Malgré l'imminence de la signature du contrat, la controverse s'est poursuivie hier aux Communes. Le critique libéral en matière de défense, Denis Coderre, a fait écho aux informations qui circulent au sein du ministère de la Défense et dans le milieu très actif des lobbyistes militaires, à savoir que les retombées économiques de 3,4 milliards seraient uniquement indirectes, ce qui empêcherait l'industrie aérospatiale canadienne de profiter de l'expertise de Boeing pour se développer.

Selon plusieurs sources, Boeing aurait décidé, avec l'assentiment d'Ottawa, non seulement de faire construire toutes les parties de l'avion aux États-Unis, mais aussi d'en faire l'entretien de deuxième et troisième ligne, soit l'entretien d'importance. Boeing n'aurait donc pas l'obligation de céder une partie de sa propriété intellectuelle sur certaines pièces.

Boeing a toujours l'obligation de réinvestir au Canada l'équivalent de chaque dollar du contrat, donc 3,4 milliards, puisque c'est une loi canadienne. Mais rien ne l'oblige à fournir des retombées économiques directes. Hier, Denis Coderre était furieux, lui qui aurait aimé un contrat plus avantageux pour le Canada. «C'est avec les retombées directes qu'on peut faire de la recherche et du développement. Les retombées indirectes, c'est changer le papier de toilette dans les avions. On va changer le lave-glace, on va mettre de l'huile, puis on va mettre du gaz. That's it, that's all. Ça n'a pas de sens.»

Au Sénat, le ministre des Travaux publics, Michael Fortier, a réfuté ces informations. «Nous voulons que ces dollars soient réinvestis au Canada dans le secteur de l'aérospatiale et de la défense, partout au Canada, pour s'assurer d'avoir des compagnies plus dynamiques qu'elles ne le sont aujourd'hui», a-t-il dit.

Les TCA

Le syndicat des TCA, qui représente 12 000 travailleurs dans l'industrie aérospatiale, a également plongé dans la bagarre hier. Dans un communiqué, la centrale syndicale dénonce «le manque de fermeté» du gouvernement Harper, qui laisse le loisir à Boeing de construire toutes les parties de l'avion aux États-Unis. Et puisque l'industrie canadienne se concentre à 55 % au Québec, le syndicat attaque particulièrement les ministres québécois, leur reprochant leur laisser-aller.

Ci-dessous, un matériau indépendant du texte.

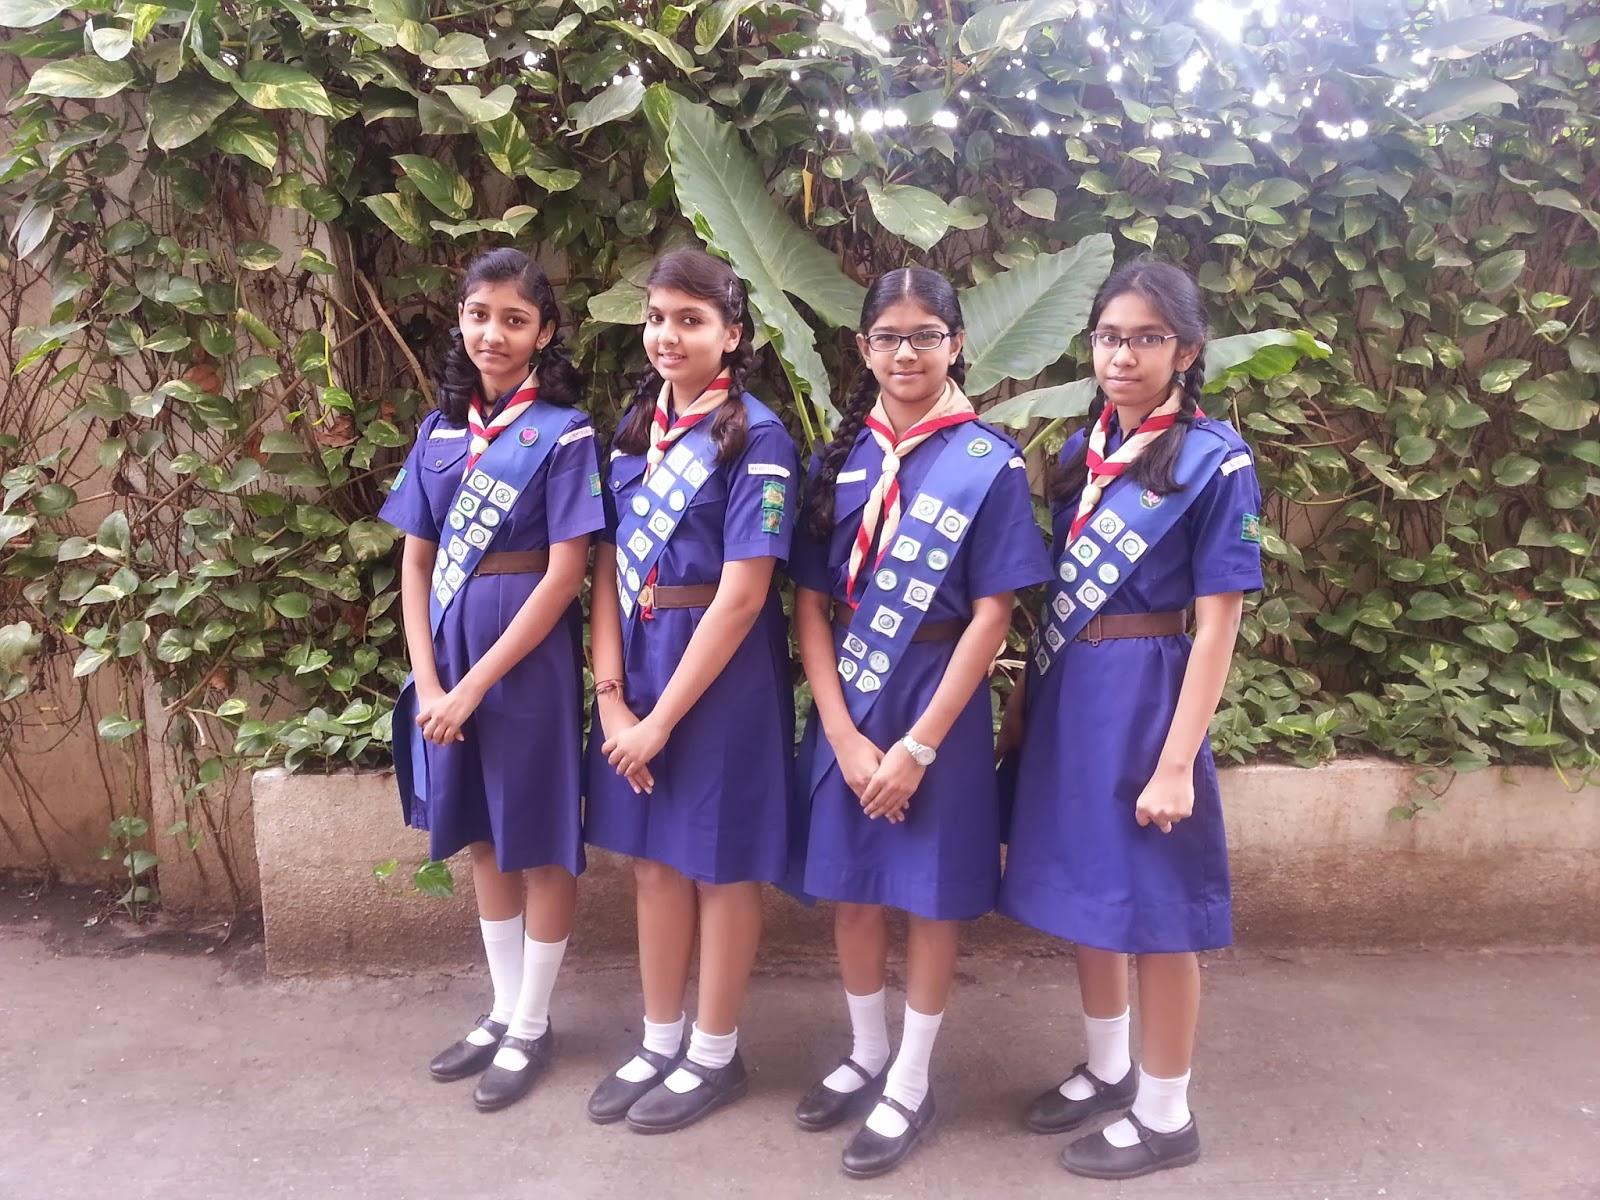 ris diaries rajyapuraskar exam scout n guide 7 jan 2014 to 10 jan rh rismumbai blogspot com Dress Guide and Scout Scout Guide and Details
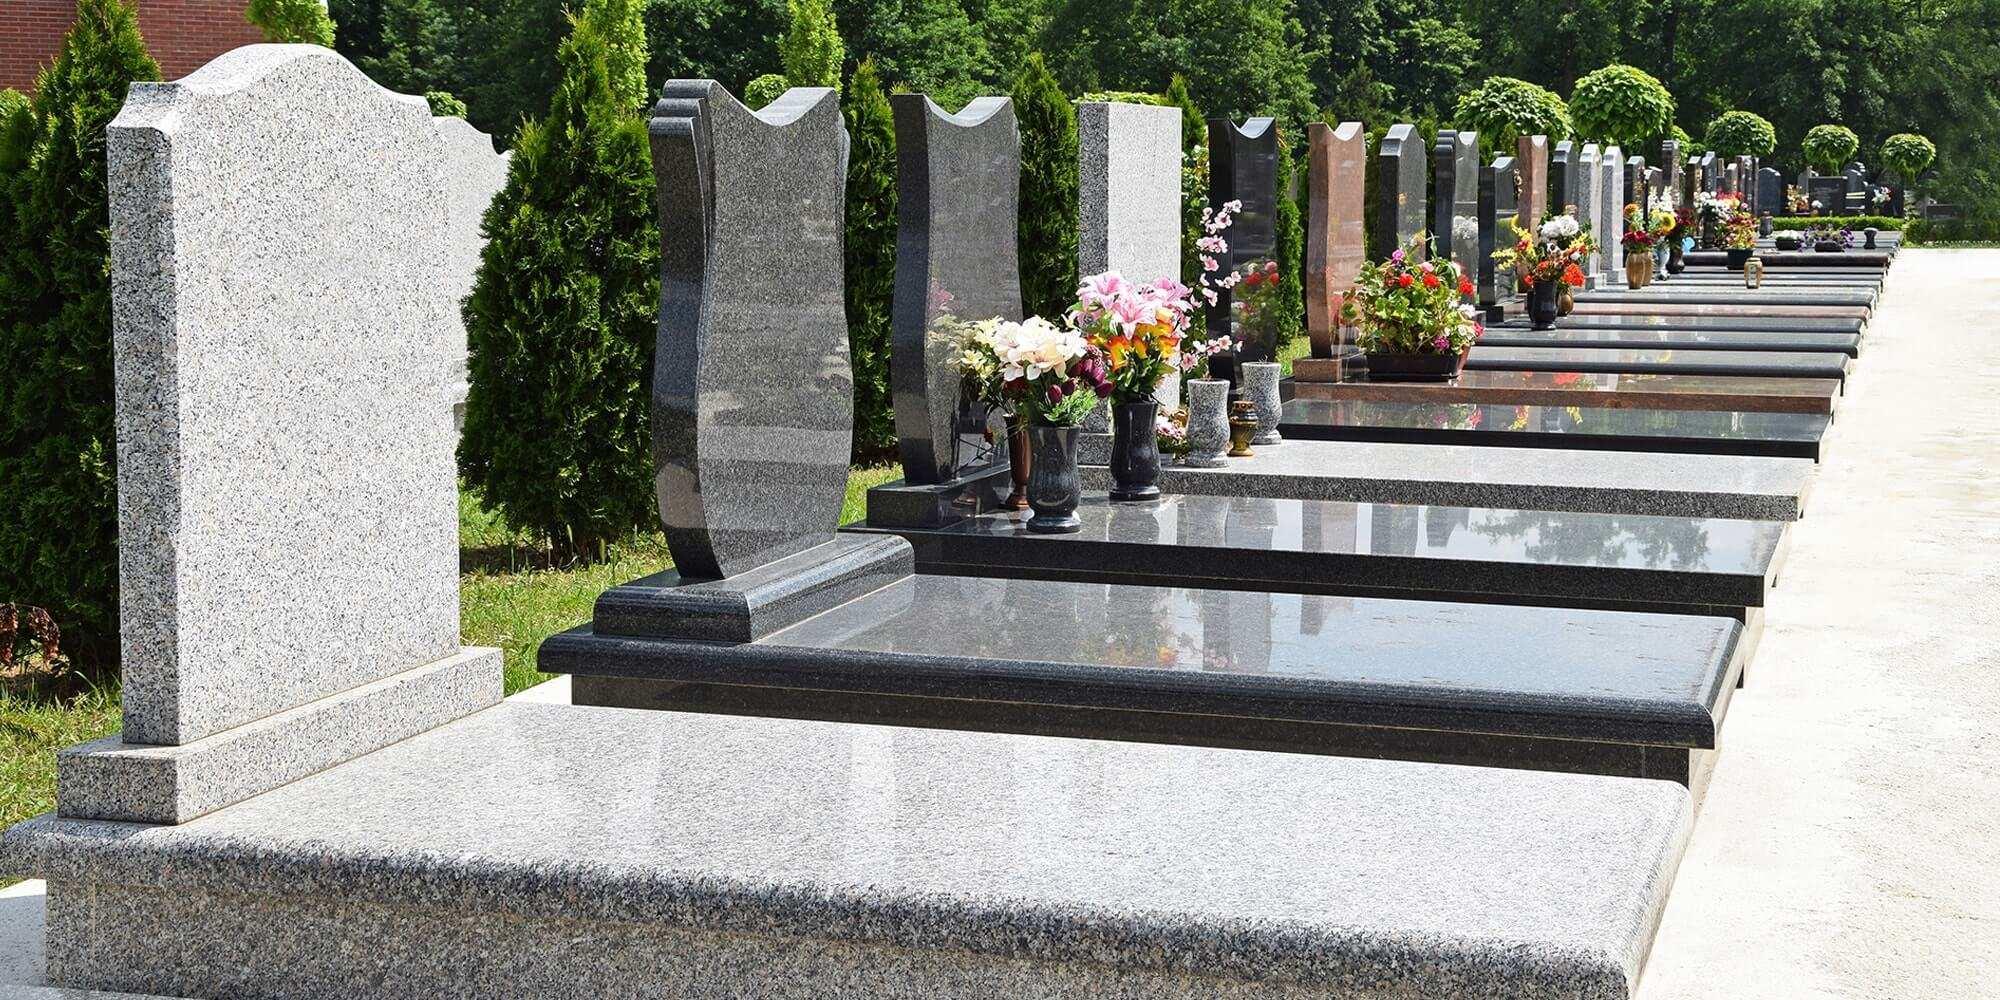 Granitmuster Granitt Grabmale Heidebrecht Grabsteine Denkmaler Grabschmuck Einzelgraber Doppelgraber Granitt Grabmale Heidebrecht

Michel Gauthier, du Bloc québécois, a de son côté réclamé pour une troisième journée consécutive une part plus élevée des retombées pour le Québec, alors que les informations qui circulent laissent entendre que la province va récolter de 20 à 25 % des retombées, soit autant que l'Ontario et l'ouest du pays. Le ministre de l'Industrie, Maxime Bernier, refuse de garantir une plus grande part au Québec, soutenant que c'est le libre marché qui doit dicter les règles et laissant ainsi le feu vert à Boeing pour choisir qui aura les contrats.

«C'est inacceptable. Ce n'est pas ça qu'on attend d'un gouvernement. Ce n'est surtout pas ça qu'on peut accepter quand on sait bien que, quand vient le temps de protéger l'industrie automobile [ontarienne], il n'y a jamais de problème», a lancé Michel Gauthier. Le Bloc réclame 60 % des retombées pour le Québec. «[Maxime Bernier] savait très bien qu'en prenant cette décision-là [laisser le choix à Boeing], il portait un coup fatal à l'industrie aéronautique au Québec. On va perdre des emplois. On va perdre du développement technologique», a dit Michel Gauthier.